Dark Data is Lost Opportunity

The crisis of many organizations today is that they have more data than they know what to do with. The rise of unstructured data processing platforms like Hadoop and Spark shows that businesses know that there’s plenty of intelligence to be obtained from all of the data they’re storing. The problem is that without context and meaning associated with that data, one can’t actually do anything useful with it. But what does it take to create that context and meaning?

Move Compute-Intensive Analytics to the Data

One way to get some intelligence into all of your dark data is to create an analytics cluster to do this processing. You’ll create a copy of the data you’re looking for insight about, move it to the analytics cluster, and run some jobs against it to learn about it. This is a laborious and time-wasting process, however.
What would be substantially more efficient is to process the data in-place because the platform is built to do that. And that’s exactly what you’ll find with the Cohesity Data Platform. The Cohesity Indexing Engine, which constantly runs on the converged storage cluster, can provide useful insight such as storage-level metrics, VM-level metrics, and file-level metrics. But many modern storage platforms do this to some degree.
What’s more impressive is that the Cohesity Data Platform has MapReduce natively built in. Cohesity Clusters make it possible for even the most complex MapReduce computations to run natively within the Cohesity Data Platform, never requiring external compute or data migrations that are typical with Hadoop-like analytics implementations.

Illuminate Your Data

In tandem with the built-in analytics features, users can take advantage of Cohesity’s Analytics WorkBench (AWB). AWB is an interface for easily creating precise analytics jobs across a large dataset.

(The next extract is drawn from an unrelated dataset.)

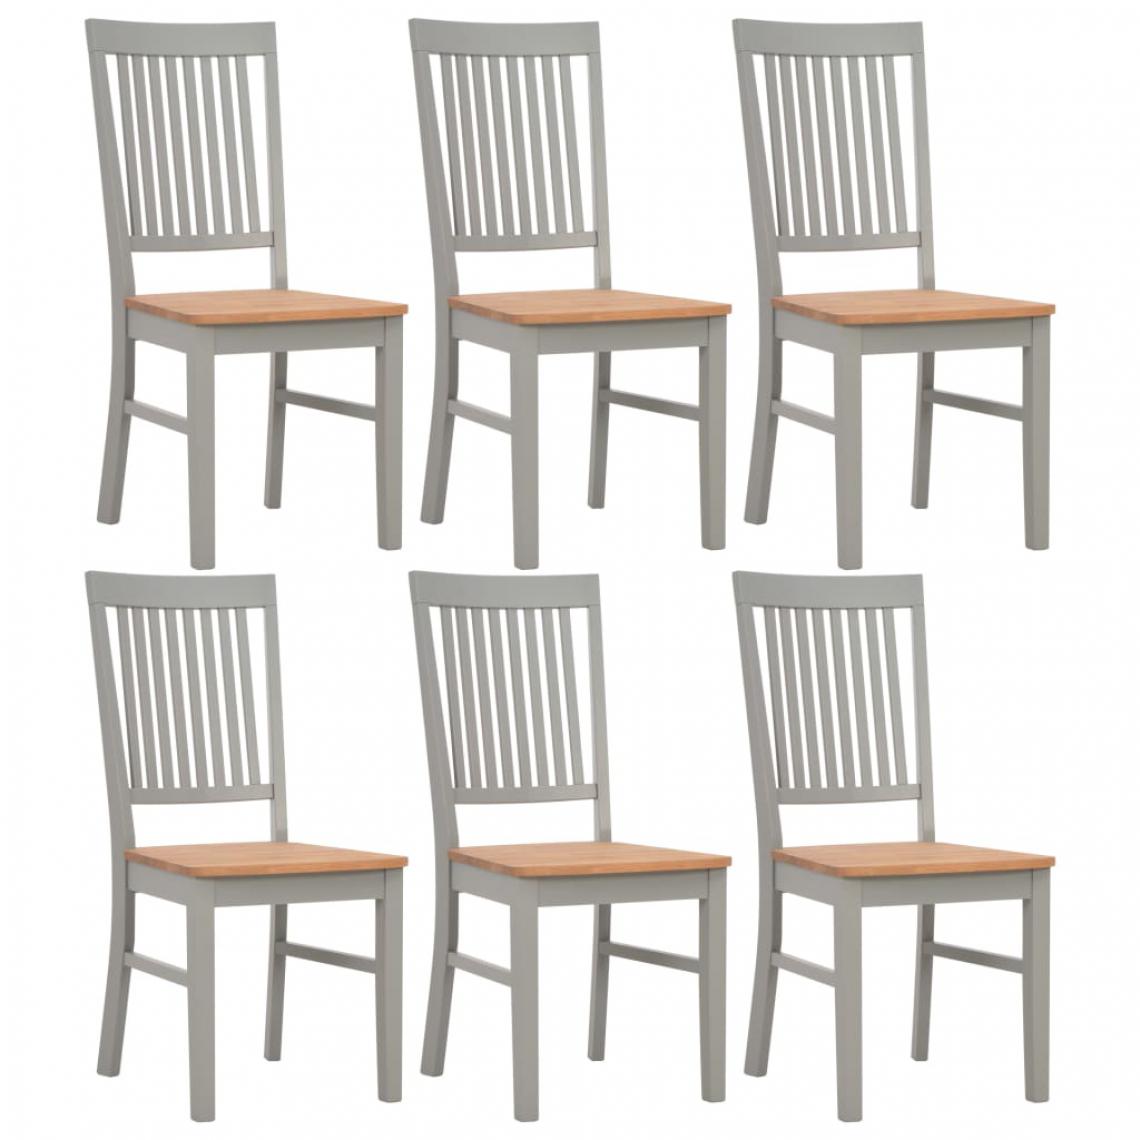 Icaverne - Joli Fauteuils et chaises categorie Abuja Chaises de salle à manger 6 pcs Gris Bois de chêne solide - Chaises

Here are some examples of the way illuminating data with MapReduce and AWB might provide real value to a business:

eDiscovery: Rapid content analysis to find relevant case information for legal requests or holds.
Compliance: Ensure compliance with Personally Identifiable Information (PII) requirements with Cluster-wide content scans for names, phone numbers, and credit card information that may have been stored in clear text.
Threat Analysis: Log correlation across disparate packet capture solutions to identify potential threats or origin of a security breach.

Final Thoughts

As I mentioned in the disclosure, this post is based on observations I made while attending Tech Field Day 12. If you’d like to see all of the presentations from the event, they’re all freely available for your viewing pleasure on the event page. Also, this specific post is based on Cohesity’s CEO Mohit Aron’s opening remarks in Cohesity Strategy & Vision with Mohit Aron. A few of my fellow delegates wrote about Cohesity as well; here are links to their articles:

Eric Shanks: Cohesity Provides All of Your Secondary Storage Needs
Mike Preston: Cohesity bringing secondary storage to Tech Field Day

Although we talked about quite a few different things with Cohesity at TFD12, this topic caught my attention because there’s a distinct lack of ability to do this sort of analytics in most organizations today, at least without a lot of overhead. A solution that I LOVE from a technical standpoint, DataGravity, aims to do some of these same sorts of in-place analytics for primary storage. Unfortunately, they’ve been pretty quiet lately and seem to be working some kinks out without being too vocal about it. Hopefully they’ll right the ship and be front and center in the near future; I love the concept they’re working with.